*REQUIREMENT*:
Write out each line of the listing as it stands, without the images.

*SUPPLIED MATERIAL*:
=== Section Start ===
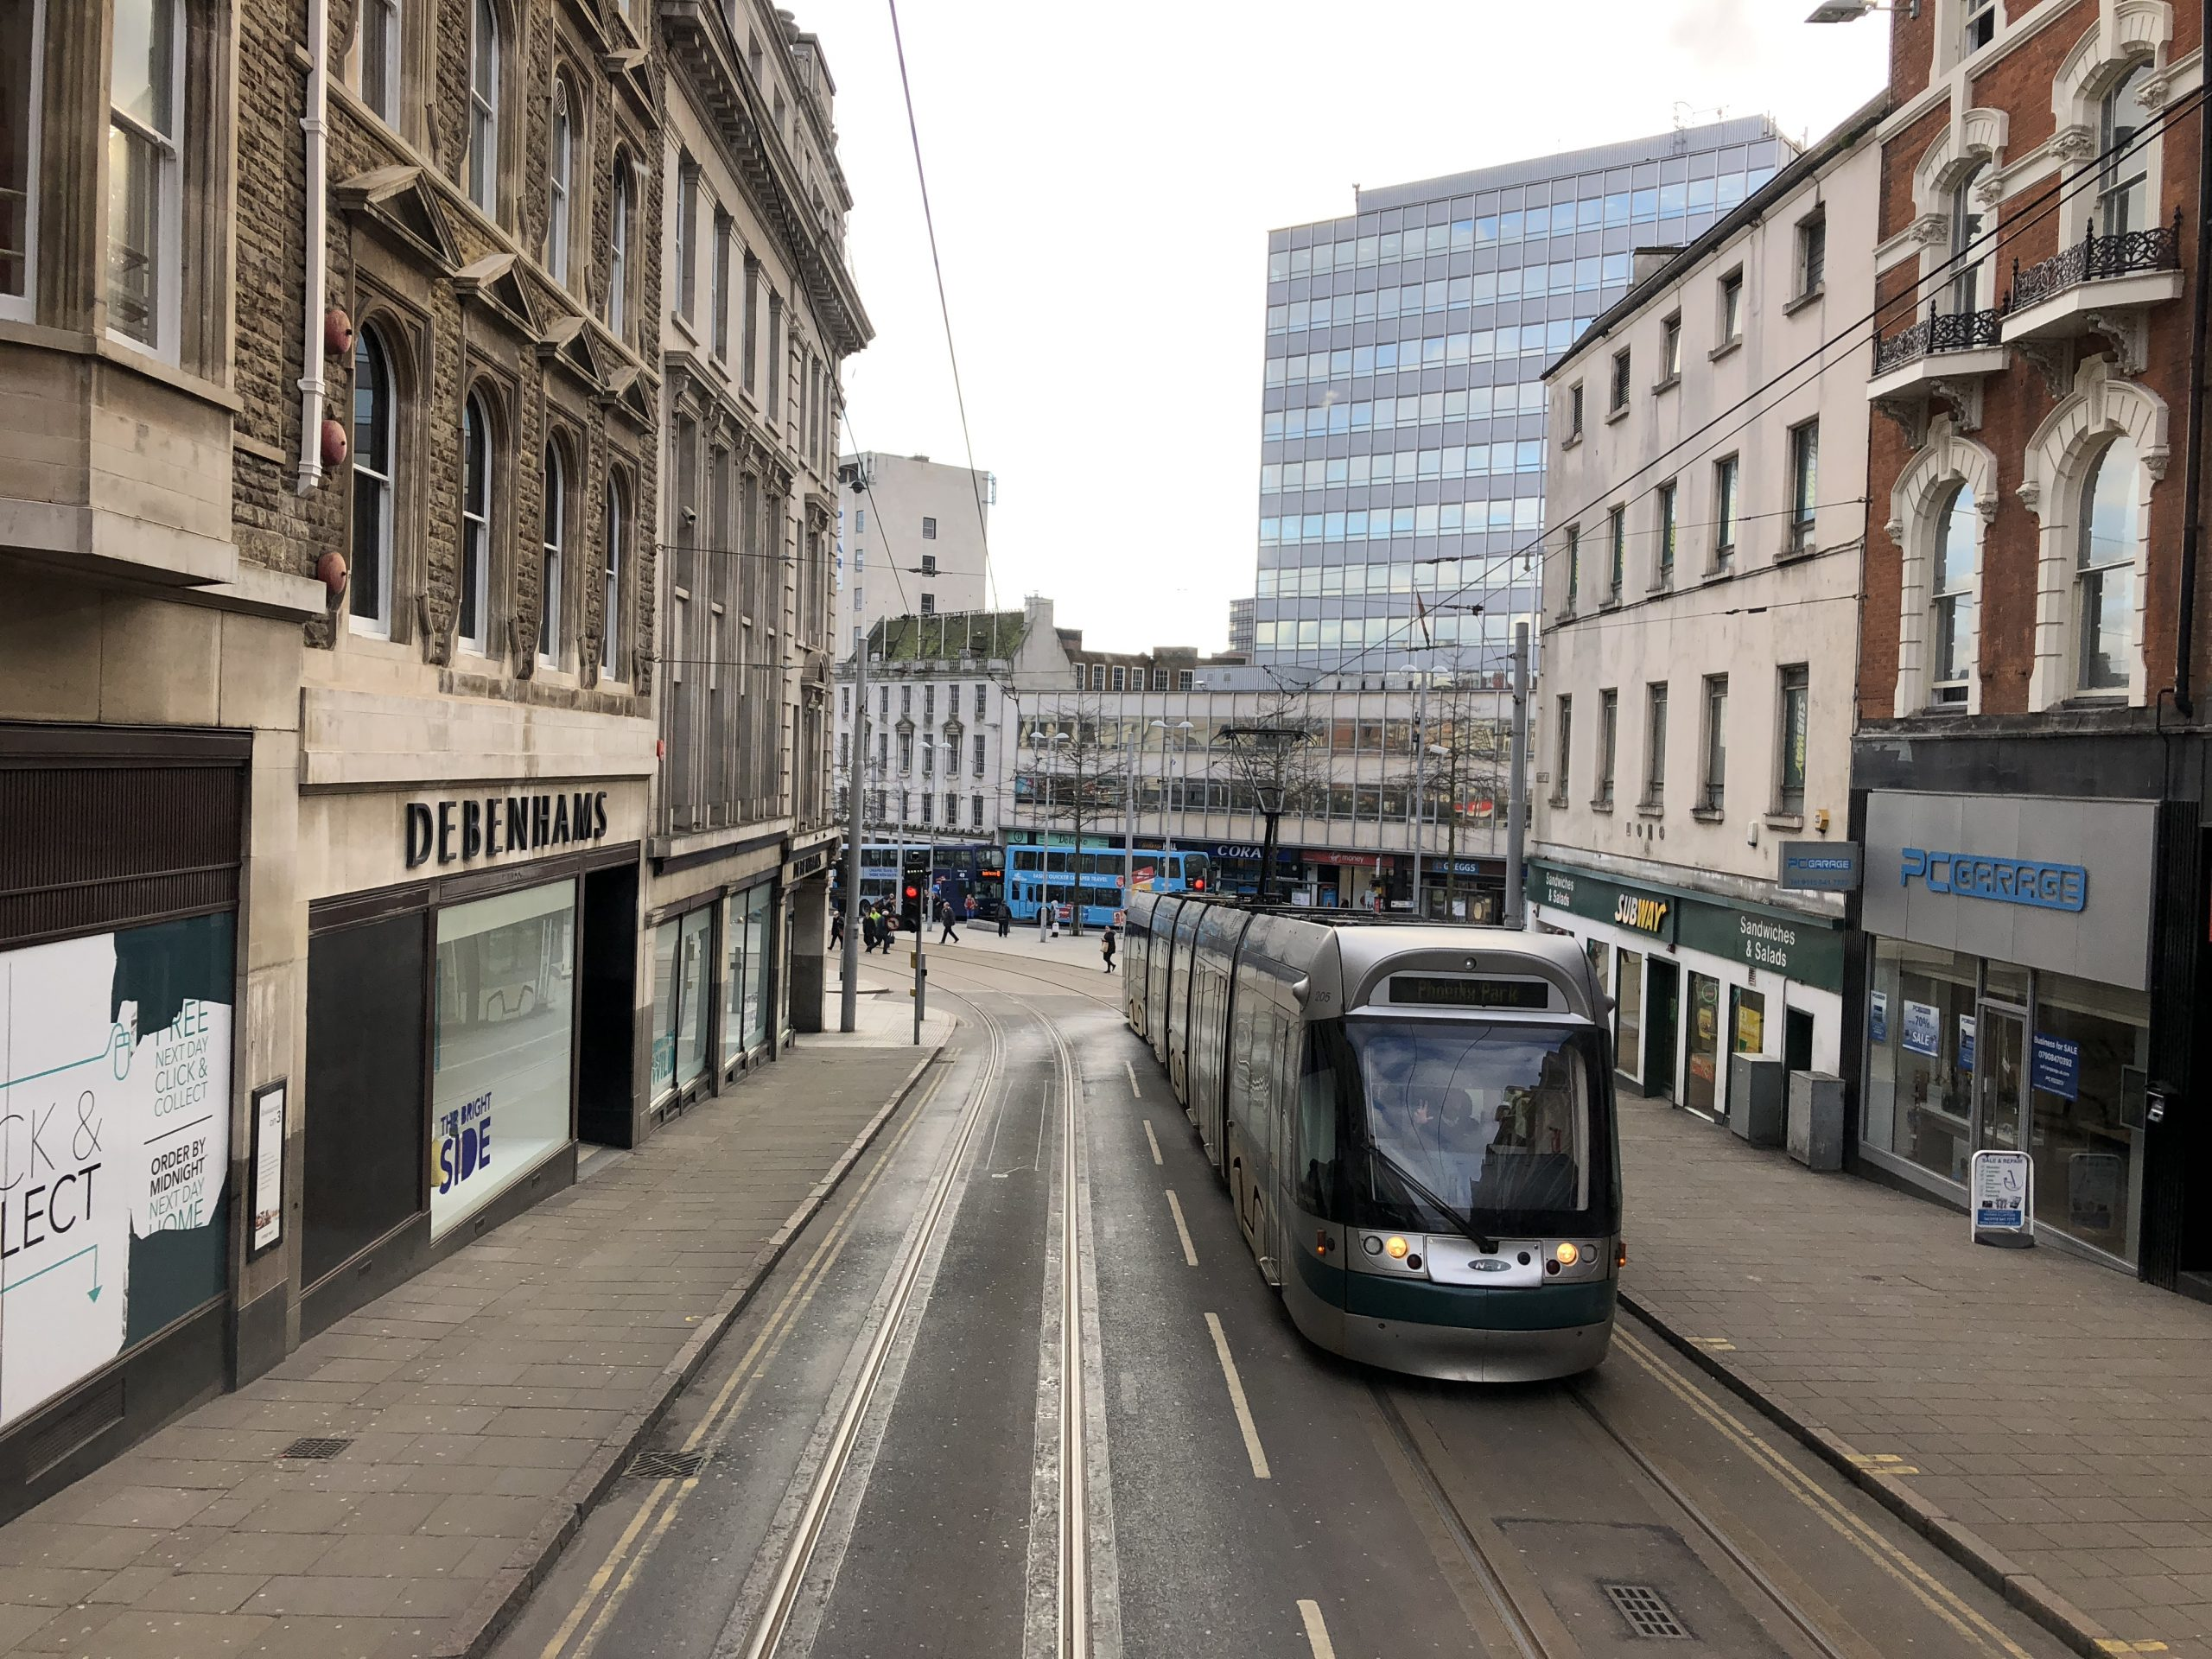 Nottingham tram Nottingham tram service
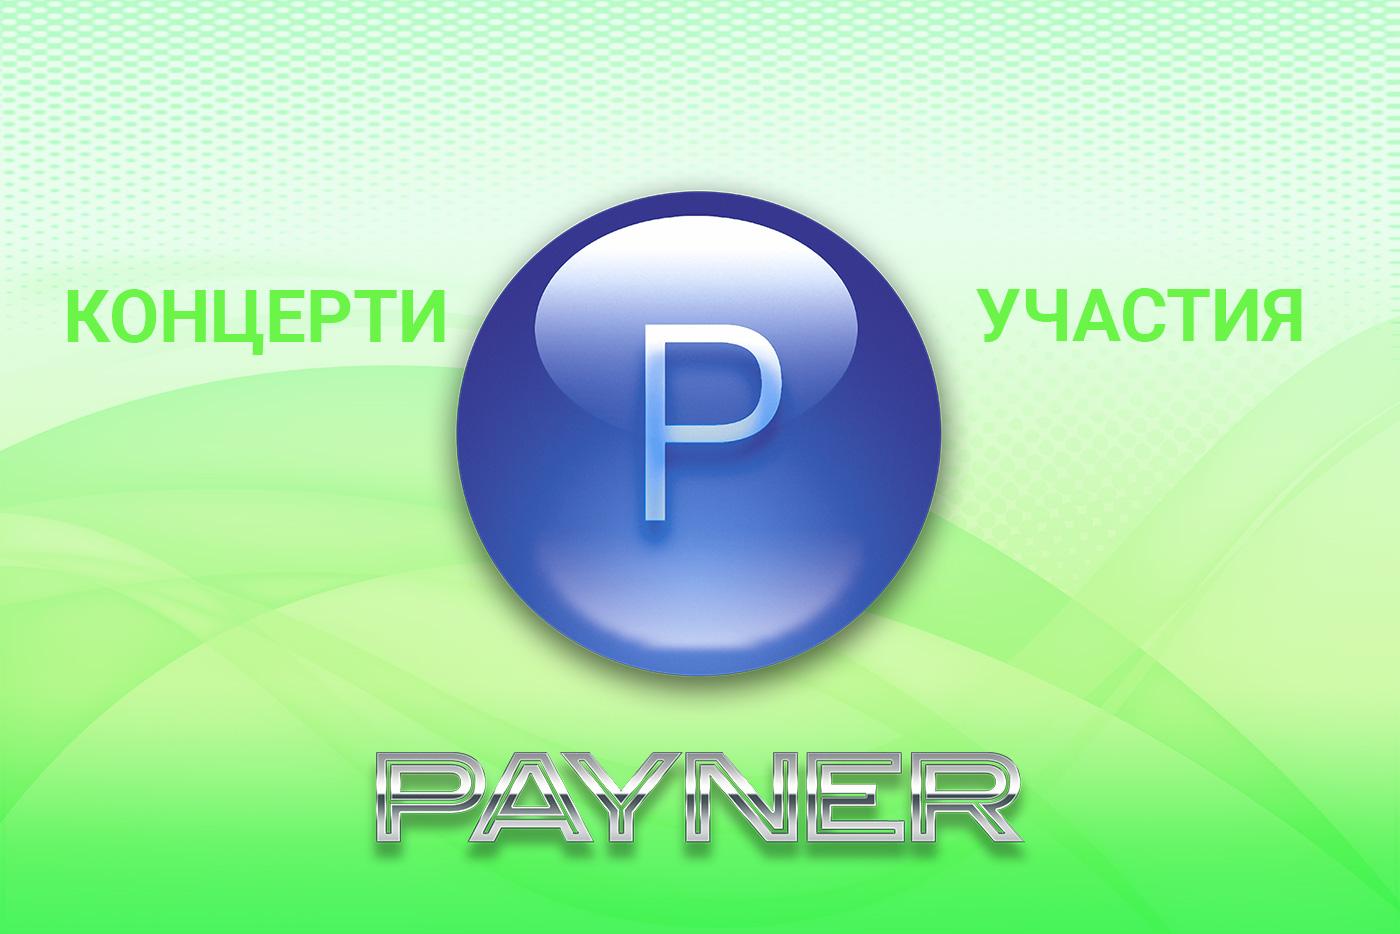 """Участия на звездите на """"Пайнер"""" на 26.09.2019"""
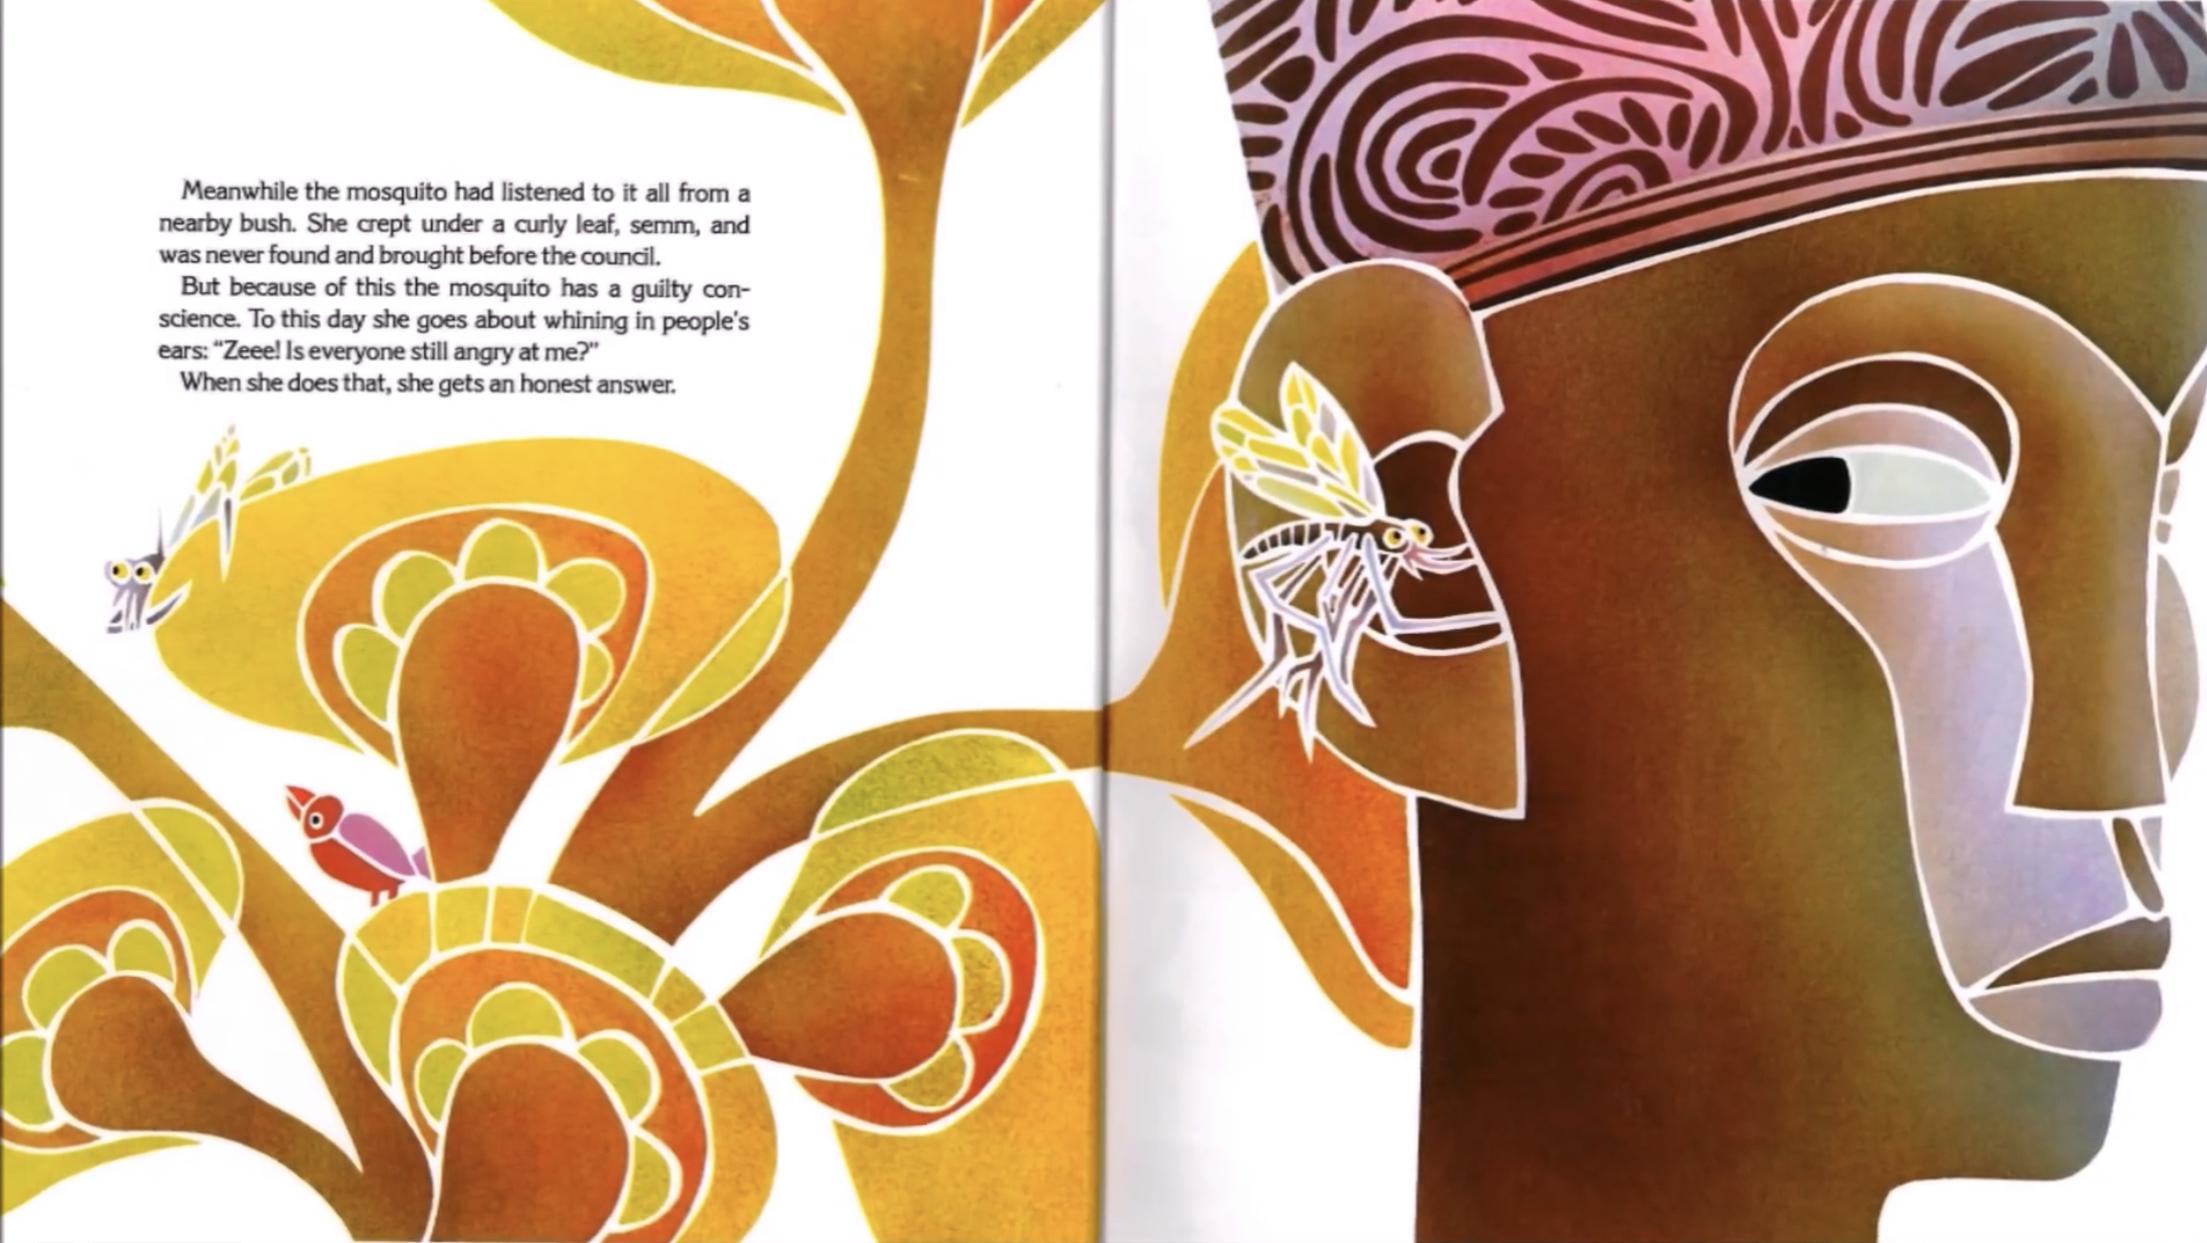 兒童書籍《Why Mosquitoes Buzz in People's Ears: A West African Tale 》一書中,二人以插畫描繪西非的民間故事。
=== Section End ===
*TASK RESULT*:
 Nottingham tram Nottingham tram service
 """Участия на звездите на """"Пайнер"""" на 26.09.2019"""
 兒童書籍《Why Mosquitoes Buzz in People's Ears: A West African Tale 》一書中,二人以插畫描繪西非的民間故事。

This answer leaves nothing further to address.